Where Each Fat Has the Advantage
- Nutrient content: Lard wins. It provides vitamin D and other fat-soluble nutrients that vegetable shortening lacks entirely. If you’re going to use a solid fat, getting some micronutrients along with it is a reasonable bonus.
- Minimal processing: Lard wins. Pure rendered lard is a single-ingredient fat with no chemical modification. Crisco requires hydrogenation, interesterification, and added preservatives.
- Lower saturated fat: Crisco wins. If your primary concern is keeping saturated fat intake low, Crisco delivers fewer grams per tablespoon.
- Dietary restrictions: Crisco wins for anyone avoiding animal products or following religious dietary laws that prohibit pork.
- High-heat stability: Lard has a slight edge due to its fat composition, which resists oxidation better than the polyunsaturated fats in shortening.
- Shelf life: Crisco wins. Its added antioxidants and fully saturated structure keep it stable in the pantry for months longer than lard, which benefits from refrigeration.
The Practical Bottom Line
If you use either fat in typical home-cooking amounts (a tablespoon here, a few tablespoons in a pie crust), the health differences between lard and Crisco are modest. Neither is a health food, and neither is poison. The old case against lard was built partly on the assumption that Crisco’s vegetable origins made it automatically superior, an idea that lost credibility once we understood how damaging the trans fats in original Crisco formulations actually were.
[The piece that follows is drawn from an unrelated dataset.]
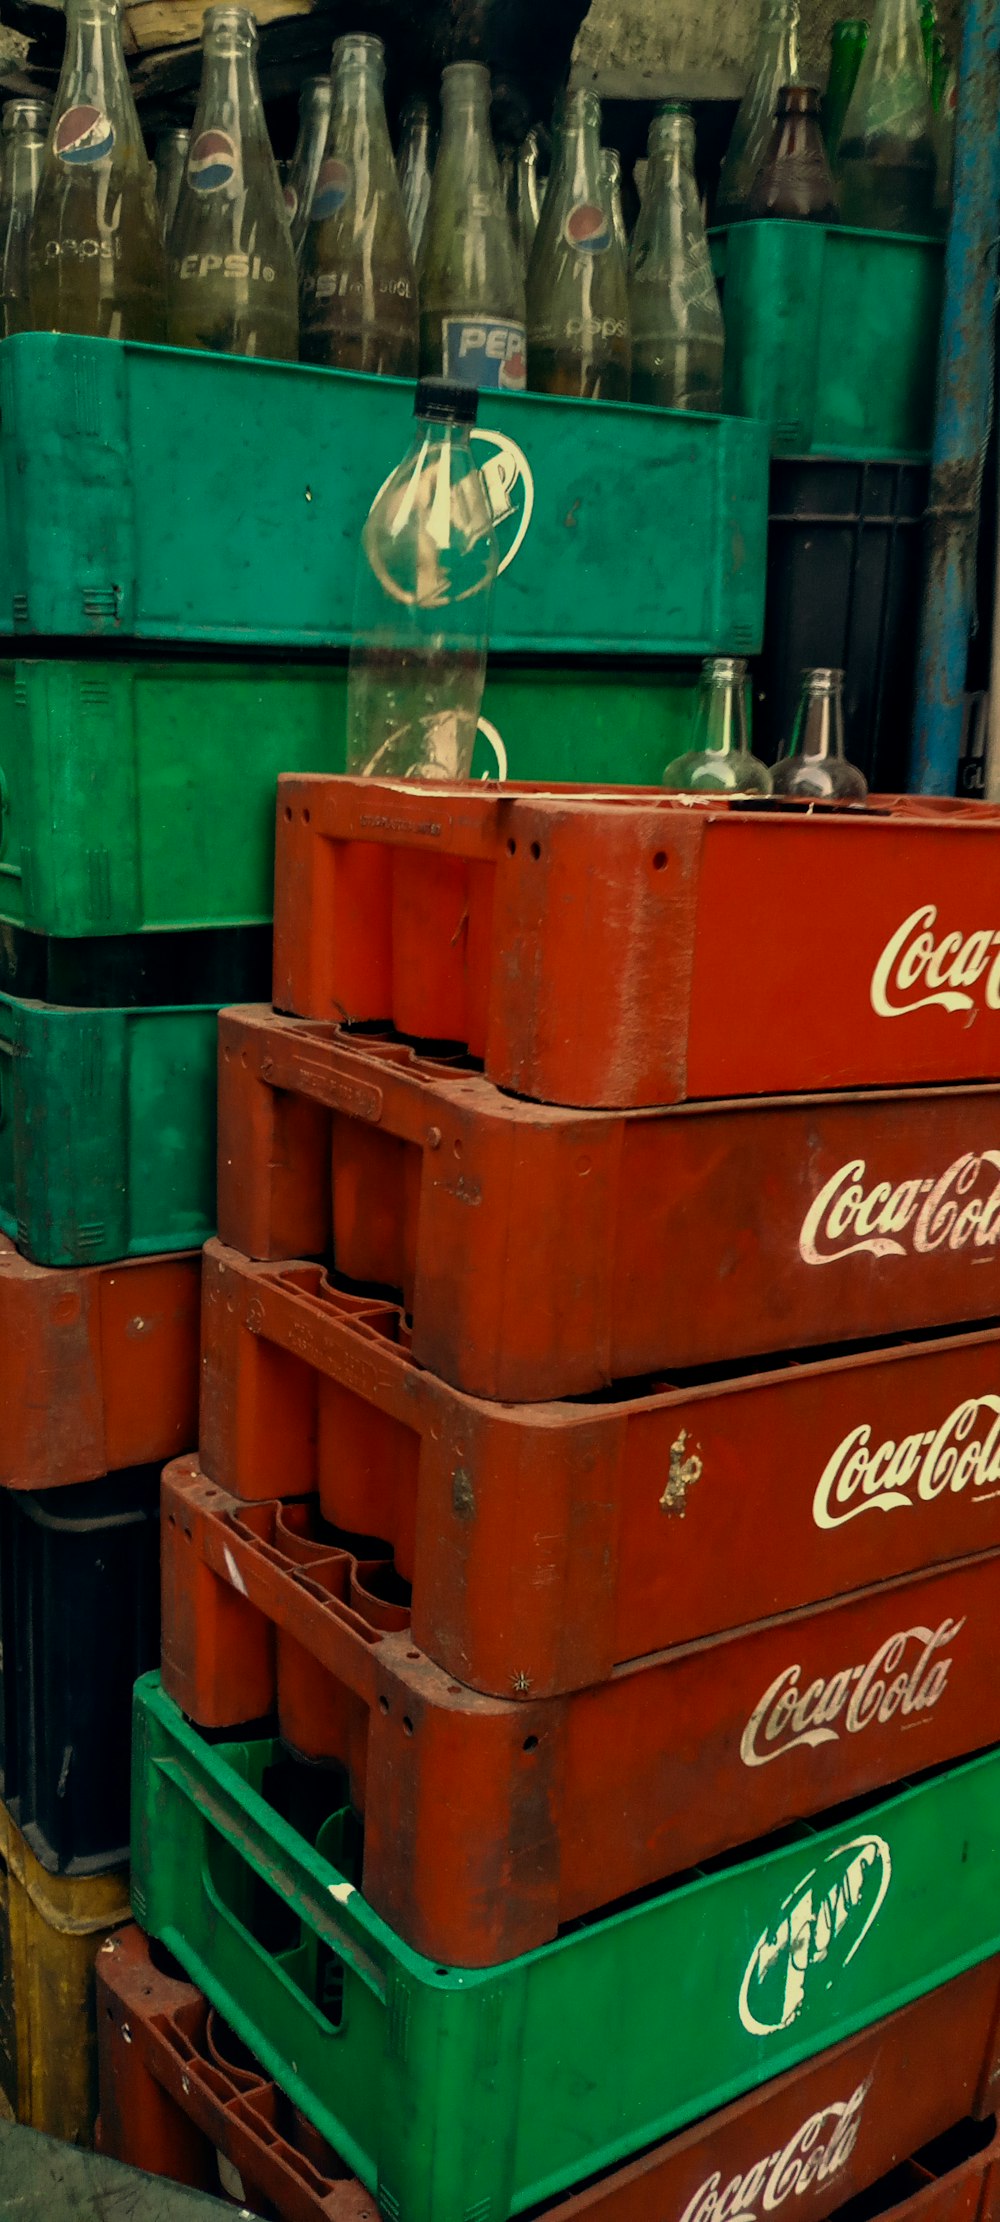 un tas de caisses de coca - cola empilées les unes sur les autres

Today’s reformulated Crisco is a meaningfully better product than it was 20 years ago. But lard offers something Crisco still can’t match: a simple, minimally processed fat with built-in micronutrients and strong cooking stability. For people who eat animal products and aren’t managing specific cholesterol concerns, lard is a reasonable choice that performs well in the kitchen without the chemical processing that shortening requires.